In balanced seawater, four forms of carbon coexist: dissolved CO2, carbonic acid, bicarbonate, and carbonate. When the ocean takes in more CO2, this balance shifts. The concentration of hydrogen ions rises, the concentration of carbonate ions drops, and the water becomes more corrosive to anything made of calcium carbonate. That last part is critical for marine life, because carbonate ions are the building blocks that shellfish, corals, and many tiny organisms need to construct their shells and skeletons.

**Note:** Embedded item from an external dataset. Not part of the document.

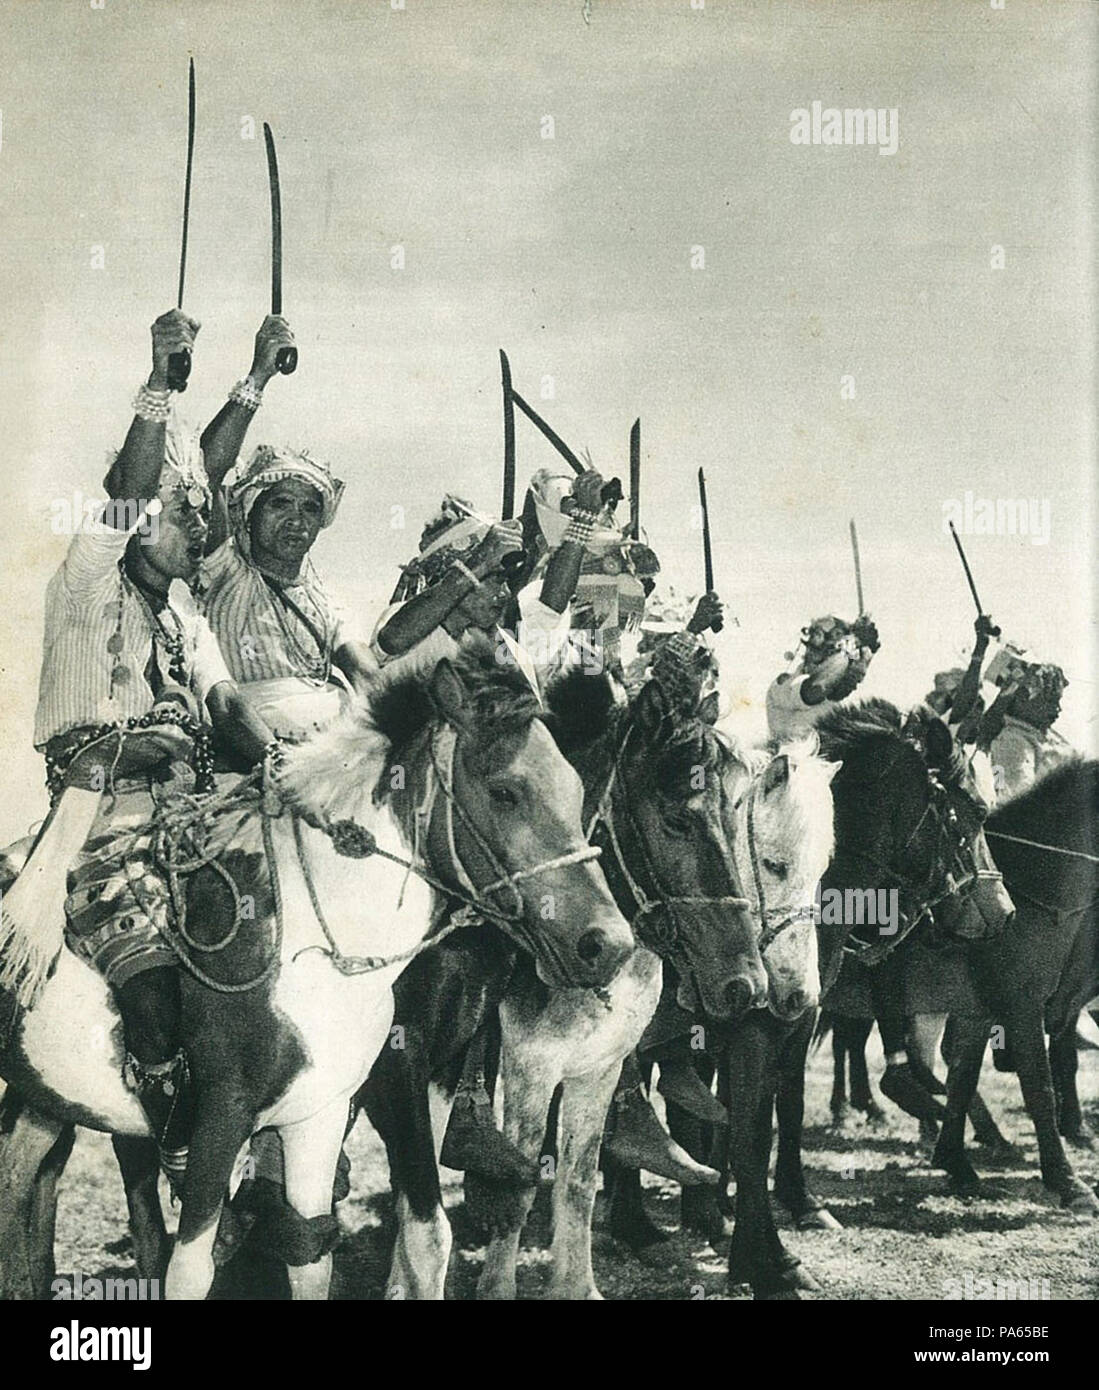 313 Timorese warriors, Indonesia Tanah Airku, p66 Stock Photo

How Much CO2 the Ocean Absorbs
Human fossil fuel emissions have climbed steeply over the past several decades. In the 1960s, the world burned enough fossil fuel to release an average of about 11 billion tons of CO2 per year. By the 2010s, that figure had more than tripled to roughly 35 billion tons per year. The ocean has kept pace, steadily absorbing close to a third of those emissions. That absorption has slowed the buildup of CO2 in the atmosphere, but the cost is a fundamental shift in ocean chemistry.
From 1750 to 2000, the average pH of global surface waters dropped by about 0.11 units. Because the pH scale is logarithmic, that translates to approximately 30% more hydrogen ions in the water. To put the scale in perspective, a full one-unit pH drop would mean ten times more hydrogen ions. So a 0.11-unit change, while seemingly modest on the scale itself, represents a significant chemical shift for organisms that evolved in relatively stable conditions over millions of years.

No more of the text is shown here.